ManosChristofakis t1_jb9b8fc wrote

  1. ai alignment. If a large scale attack is launched that tries to interfere with US nukes, you can bet your ass that ai will disappear from everyday life overnight. Obviously we dont have to get to such extreme cases for ai to be regulated or straight up not leaving the lab in the first place

  2. human alignment. If ai progresses so fast that everyone loses their jobs, bussiness wont have any customers at all and all will go bankrupt including the ai making bussinesses themselves.

  3. lack of training data , obviously

  4. in case our hardware has reached or is close to reaching its limit in terms of efficiency, providing more computational capacity might require more hardware which might be less efficient in its use and makes computational power increase linearly instead of exponentially (also in such a case, cost might increase on par or faster than computational power)
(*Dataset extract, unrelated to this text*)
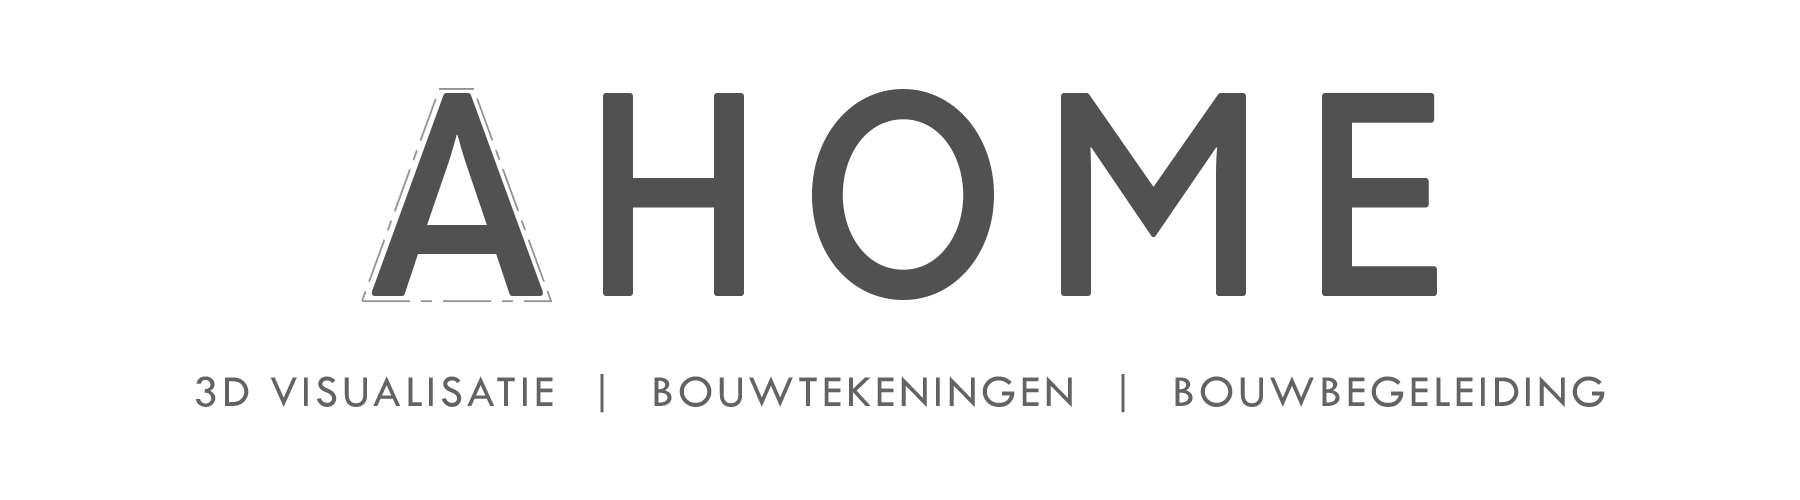 AHOME Logo

  5. limits of current architectures. Problems like hallucination. Also i read a paper that LLMs model their output to match the prompt given by its user. That is it will reply like a neuroscientist to a neuroscientist or a philosopher to a philosopher. This may limit many of its uses in places like healthcare because biases and people not knowing what they are talking about can make the ai reach wrong conlcusions. There may be other limitations which i/scientists themselves arent aware of yet.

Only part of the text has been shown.